Q: In Origins of the Specious, you discuss many words that Americans pronounce in a more traditional way than the British. You don’t mention “clerk,” but I wonder if it could have been included.
A: There’s some truth to what you say, but the phonological history of “clerk” is a bit more complicated than the histories of those words mentioned in Origins of the Specious.
As we write in our book about language myths and misconceptions, the American Colonists took the English pronunciations of the day with them when they came to the New World.
The Colonists preserved many of those pronunciations after the Revolution, but in the late 18th and early19th centuries educated Britons began “r”-dropping, “a”-stretching, adding or subtracting an “h,” and lopping off next-to-last syllables.
For anyone who hasn’t read Origins of the Specious, the New York Times website includes a large excerpt from Stiff Upper Lips, the chapter about differences between American and British English.
Now, let’s get back to your question.
During much of the Middle English period (1100 to 1500), “clerk” sounded something like cleirk, a pronunciation still heard in parts of Scotland and Ireland, according to The American Heritage Dictionary of the English Language (5th ed.).
An extensive pronunciation note in American Heritage explains that in Middle English the “e” of “clerk” was pronounced like the one in “pet,” and the “r” was sounded.
By the late 16th century, when people began leaving England for the Colonies, “clerk” had two principal pronunciations: klerk (in areas where the future Colonists generally lived) and klark (in the south of England).
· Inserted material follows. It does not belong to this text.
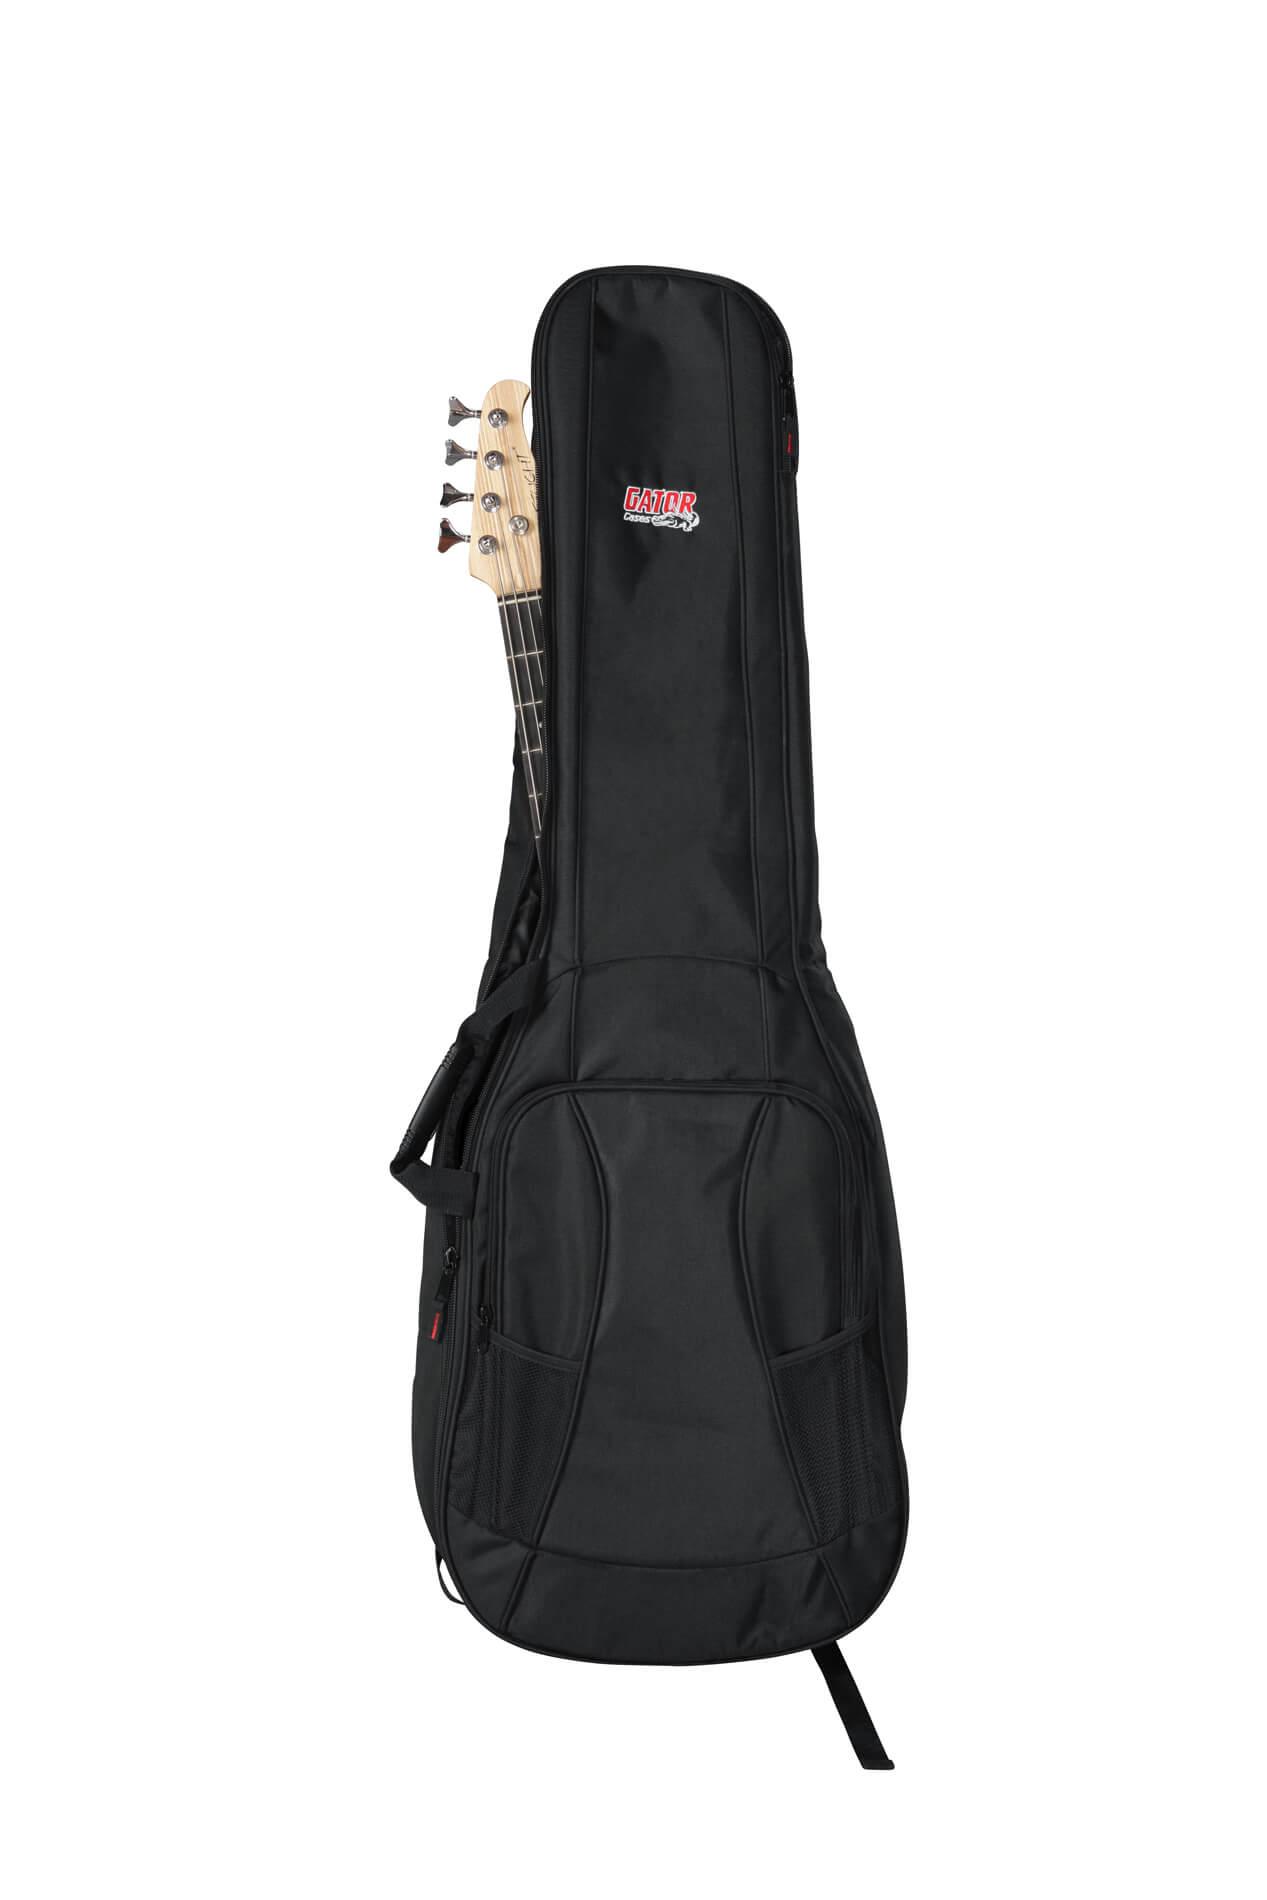 hight resolution of dual bass guitar gig bag gb 4g bassx2 gator cases

The “r” was sounded in both pronunciations.
The “clerk” that accompanied English immigrants to the Colonies and the early United States rhymed with “jerk,” according to the AH note, while the one in southern England rhymed roughly with “spark” (though the “a” may have sounded like the one in “cat”).
In the 18th century, AH says, people began “r”-dropping in southern England and “clerk” came to be pronounced klak. This pronunciation spread to educated speakers elsewhere and you’re likely to hear it today on the BBC. (With a broad “a” and the “r” muted, it sounds almost like “clock.”)
Before filing “clerk” in our archive, we should mention that the noun didn’t refer to a clerk in an office or a retail store when it entered English around 1050.
The Oxford English Dictionary says it originally meant an ordained Christian clergyman. In fact, both “clerk” and “cleric” are derived from clericus, Late Latin for a clergyman.
But not long after “clerk” entered English, the OED adds, it took on a secular sense:
“In early times, when writing was not an ordinary accomplishment of the laity, the offices of writer, scribe, secretary, keeper of accounts, and the transaction of all business involving writing, were discharged by clerks.”
Here’s a 1377 example from Piers Plowman, the 14th-century allegorical poem by William Langland: “Hadde iche a clerke that couthe write.” (The “th” in “that” was actually a runic letter called a thorn.)
The use of “clerk” for an office worker first showed in print, according to OED citations, in a 1512 act of Parliament early in the rein of Henry VIII: “The said Collectours and Comptrollers and theire Clerkes.”
The use of the term for a shop assistant (the OED describes this usage as North American) first appeared in Benjamin Franklin’s autobiography, which was published in various versions after his death in 1790:
“He propos’d to take me over as his Clerk, to keep his Books (in which he would instruct me), copy his Letters, and attend the Store.”